## Activity
Retype the listing below line for line, but only from the line with "Jack Daniel's Holiday" down to the line with "24 Seamless Patterns", inclusive. Pictures stay out.

+++ Supplied material

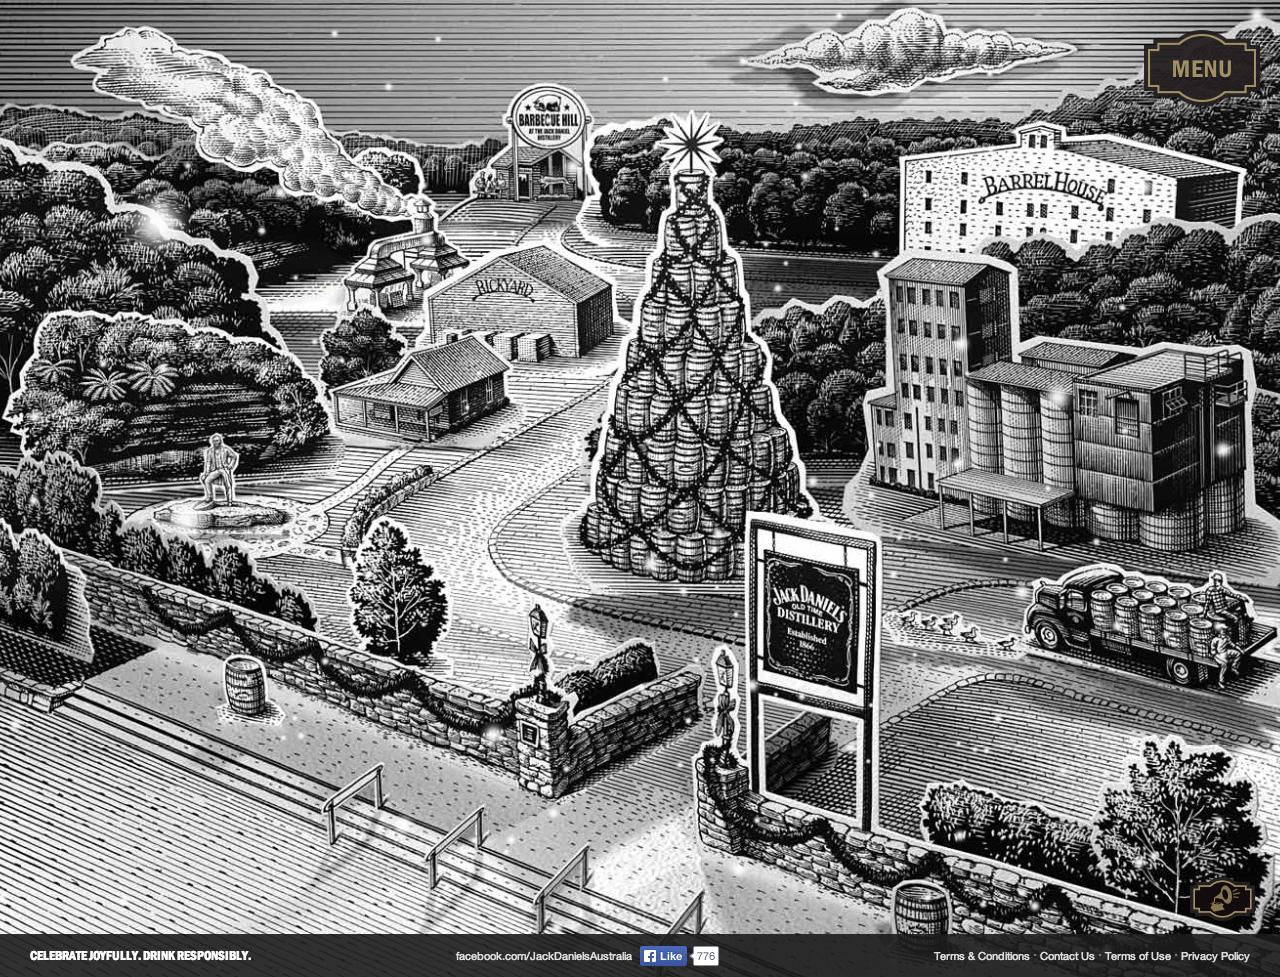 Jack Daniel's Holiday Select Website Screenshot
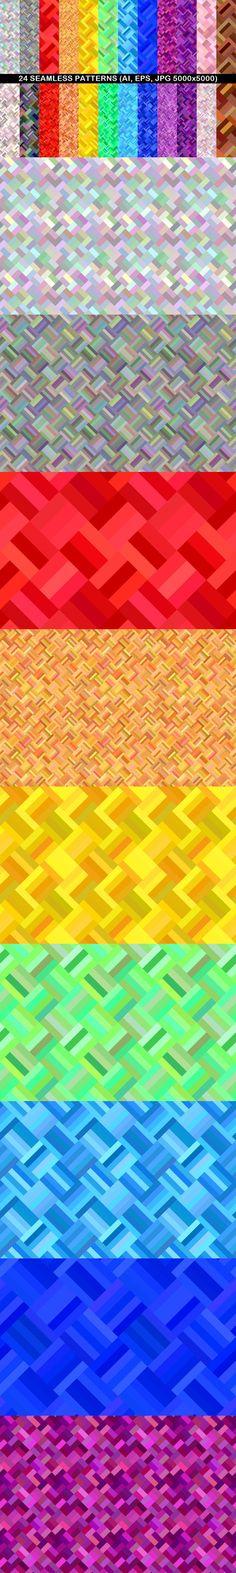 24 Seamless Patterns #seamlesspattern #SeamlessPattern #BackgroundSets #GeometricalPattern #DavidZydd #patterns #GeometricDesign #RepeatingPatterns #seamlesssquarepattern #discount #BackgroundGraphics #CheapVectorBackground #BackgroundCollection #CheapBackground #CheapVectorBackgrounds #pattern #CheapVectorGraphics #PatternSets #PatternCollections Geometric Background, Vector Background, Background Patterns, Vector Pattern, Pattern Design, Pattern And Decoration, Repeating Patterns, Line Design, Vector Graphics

++++++
+++ Supplied material

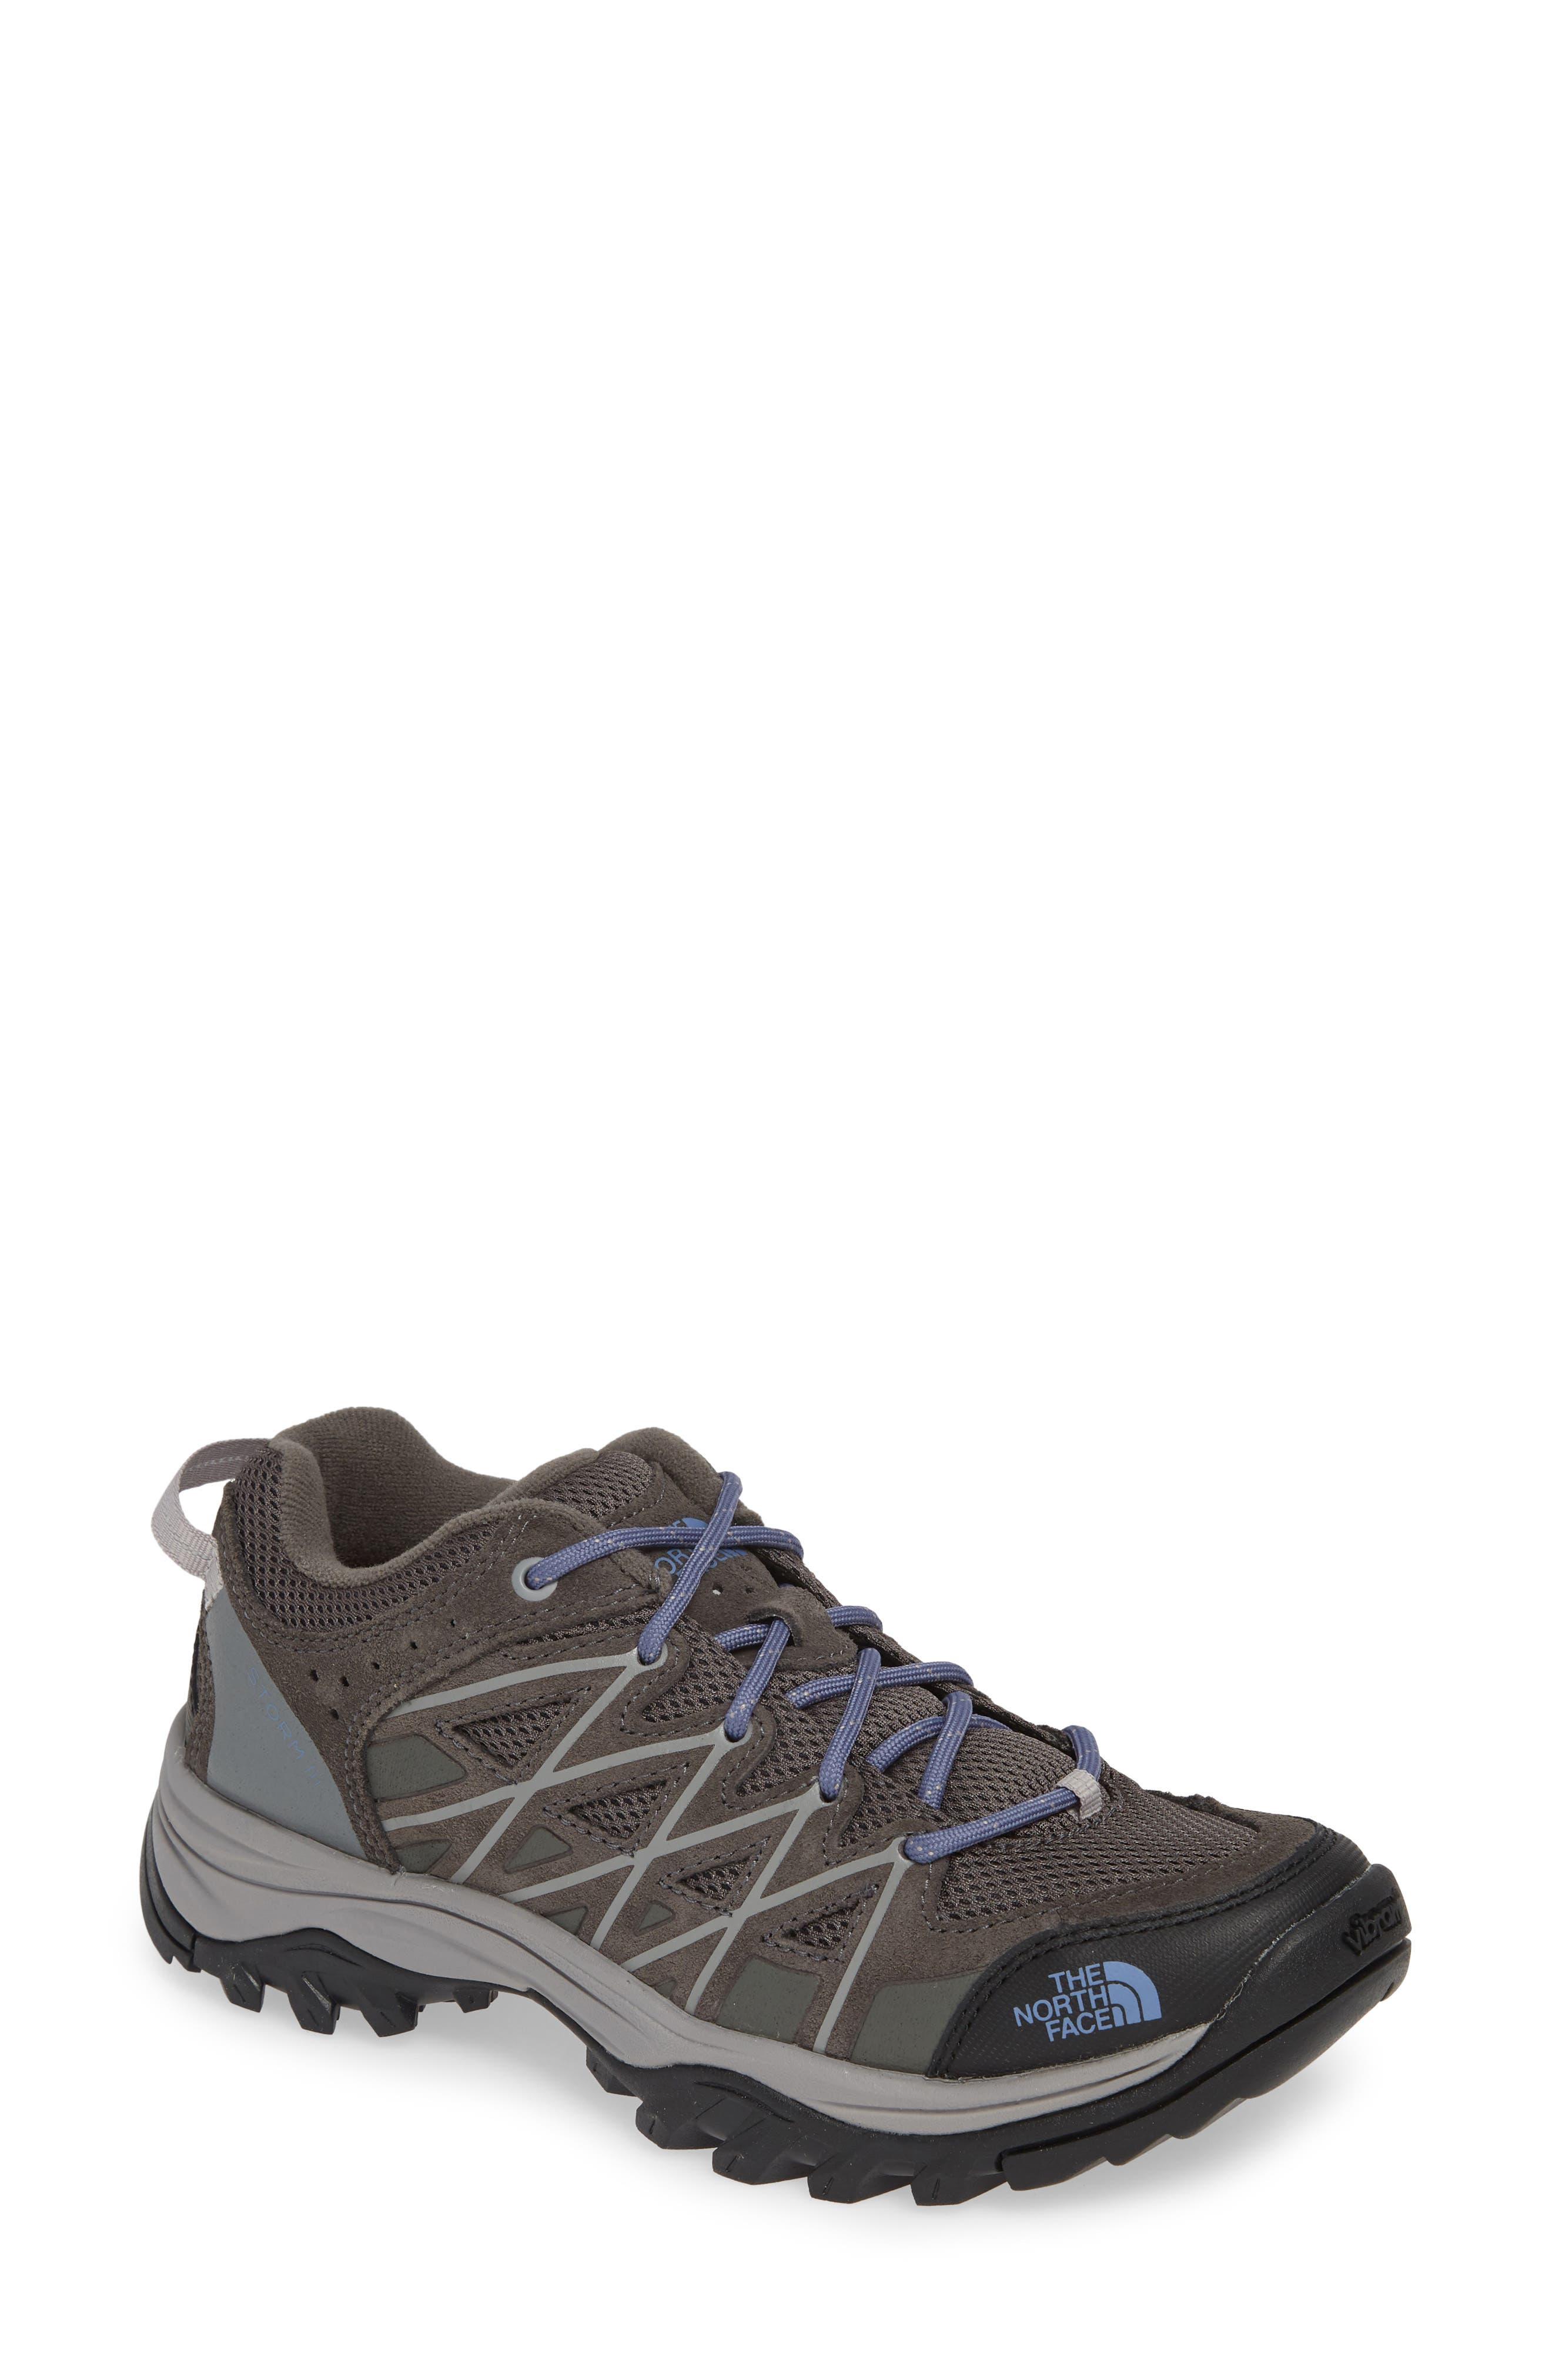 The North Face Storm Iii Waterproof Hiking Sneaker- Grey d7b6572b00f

++++++

## Final answer
 Jack Daniel's Holiday Select Website Screenshot
 24 Seamless Patterns #seamlesspattern #SeamlessPattern #BackgroundSets #GeometricalPattern #DavidZydd #patterns #GeometricDesign #RepeatingPatterns #seamlesssquarepattern #discount #BackgroundGraphics #CheapVectorBackground #BackgroundCollection #CheapBackground #CheapVectorBackgrounds #pattern #CheapVectorGraphics #PatternSets #PatternCollections Geometric Background, Vector Background, Background Patterns, Vector Pattern, Pattern Design, Pattern And Decoration, Repeating Patterns, Line Design, Vector Graphics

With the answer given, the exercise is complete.